The function `predict()`

extracts the y-values from the fitted model `M2`

and is plotted along the x-axis. It’s clear from this plot that the residuals are not homogeneous; they increase as a function of increasing *fitted* CP ratio. The “bend” observed in the loess curve is most likely due to a single point at the far (right) end of the fitted range. Given that we have a small batch of numbers, a loess can be easily influenced by an outlier. We may want to increase the span.

```
ggplot(sl2, aes(x = fit, y = std.res)) + geom_point() +
stat_smooth(method = "loess", se = FALSE, span = 1.5,
method.args = list(degree = 1) )
```

The point’s influence is reduced enough to convince us that the observed monotonic increase is real (Note that we would observe this monotone spread with our loess model as well). At this point, we should look into re-expressing the data.

If you are interested in conducting a hypothesis test (i.e. addressing the question *“is the slope significantly different from 0”*) you will likely want to check the residuals for normality since this is an assumption made when computing a confidence interval and a p-value. We’ll make use of `geom_qq`

and `geom_qq_line`

to compare the residuals to a normal distribution.

```
ggplot(df, aes(sample = residuals2)) + geom_qq(distribution = qnorm) +
geom_qq_line(distribution = qnorm, col = "blue")
```

Here, the residuals seem to stray a little from a normal distribution.
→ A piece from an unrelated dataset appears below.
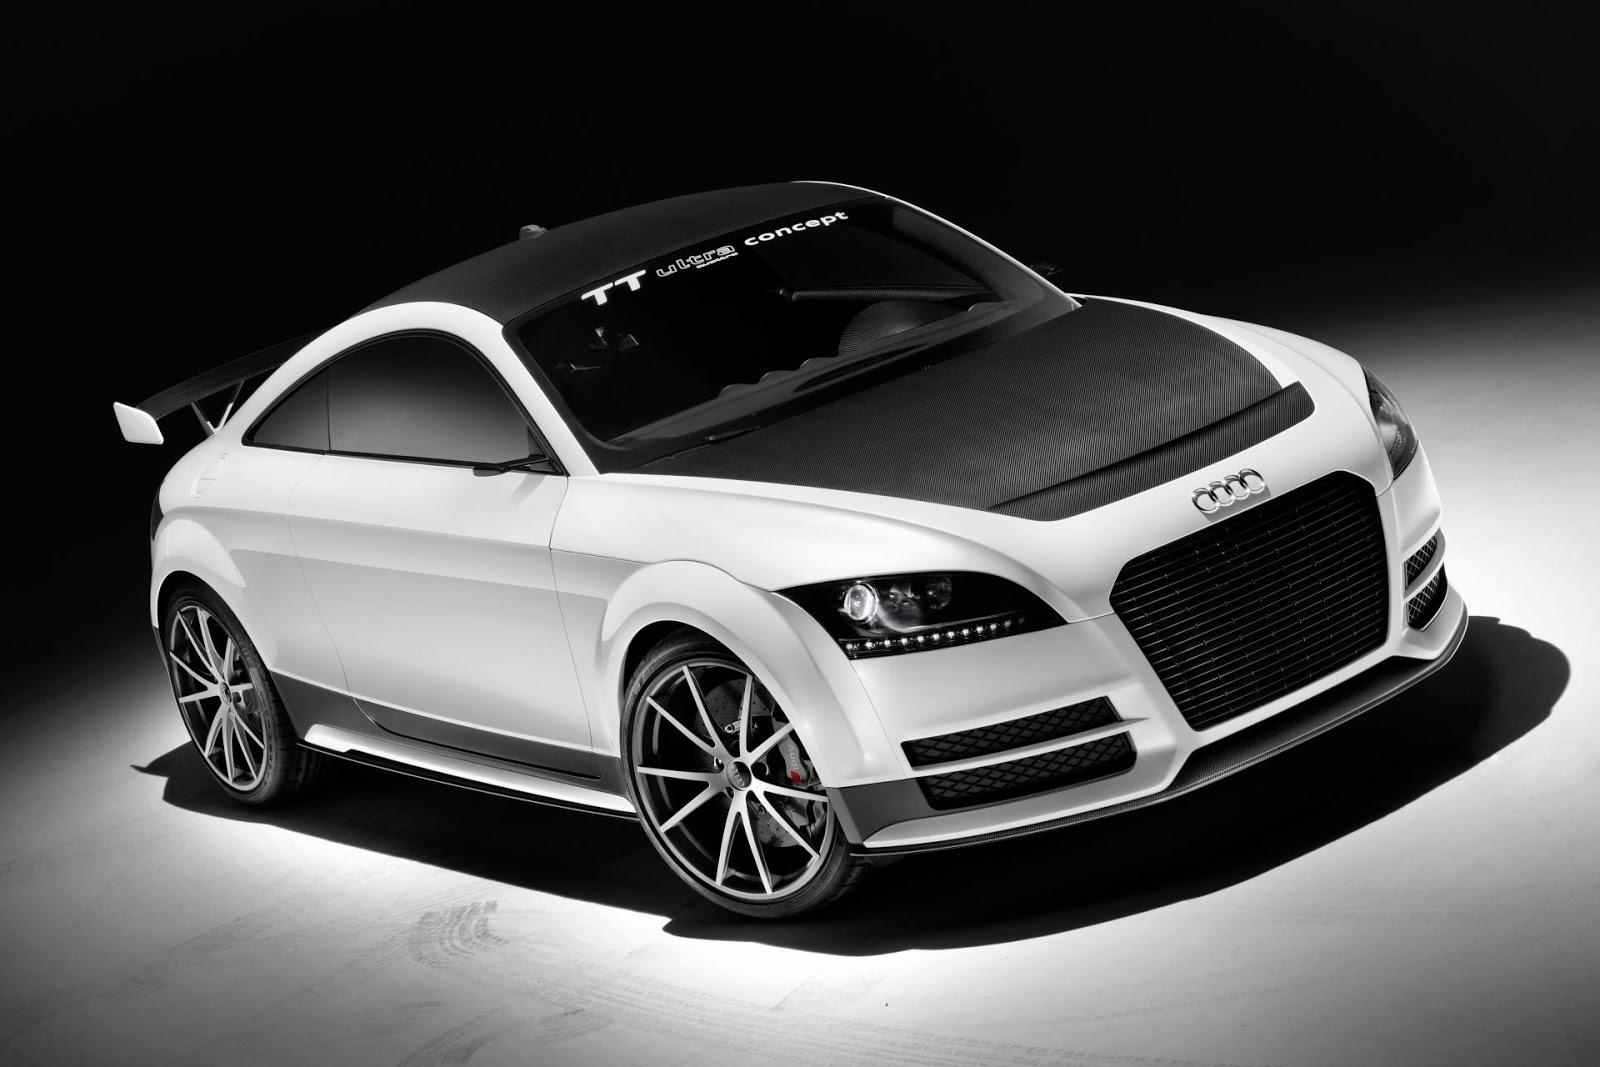 audi tt ultra quattro concept 2013 hottest car. Black Bedroom Furniture Sets. Home Design Ideas

The monotone spread can be problematic if we are to characterize the spread of `cp.ratio`

as being the same across all values of `area`

. To remedy this, we can re-express the `cp.ratio`

values. Ratios are good candidates for log transformation. We will therefore fit a new linear model to the data after transforming the y-value.

```
df.log <- data.frame( area = df$area, cp.ratio.log = log(df$cp.ratio))
M3 <- lm(cp.ratio.log ~ area, dat = df.log)
```

Next, let’s plot the transformed data and add the fitted line.

```
ggplot(df.log, aes(x = area, y = cp.ratio.log)) + geom_point() +
geom_smooth(method = "lm", se = FALSE)
```

At first glance, the log transformation seems to have done a good job at straightening the batch of values. Next, let’s look at the residual dependence plot.

```
df.log$residuals <- residuals(M3)
ggplot(df.log, aes(x = area, y = residuals)) + geom_point() +
stat_smooth(method = "loess", se = FALSE, span = 1,
method.args = list(degree = 1) )
```

Logging the y values has eliminated the residual’s dependence on `area`

. Next, let’s assess homogeneity in the residuals using the s-l plot.

```
sl3 <- data.frame( std.res = sqrt(abs(residuals(M3))),
fit = predict(M3))
ggplot(sl3, aes(x = fit, y = std.res)) + geom_point() +
stat_smooth(method ="loess", se = FALSE, span = 1,
method.args=list(degree = 1) )
```

We do not observe a systematic increase in spread, the log transformation seems to have removed the monotone spread.

Finally, we’ll check for normality of the residuals.

```
ggplot(df.log, aes(sample = residuals)) + geom_qq(distribution = qnorm) +
geom_qq_line(distribution = qnorm, col = "blue")
```

An added benefit of re-expressing the data seems to be a slight improvement in the normality of the residuals.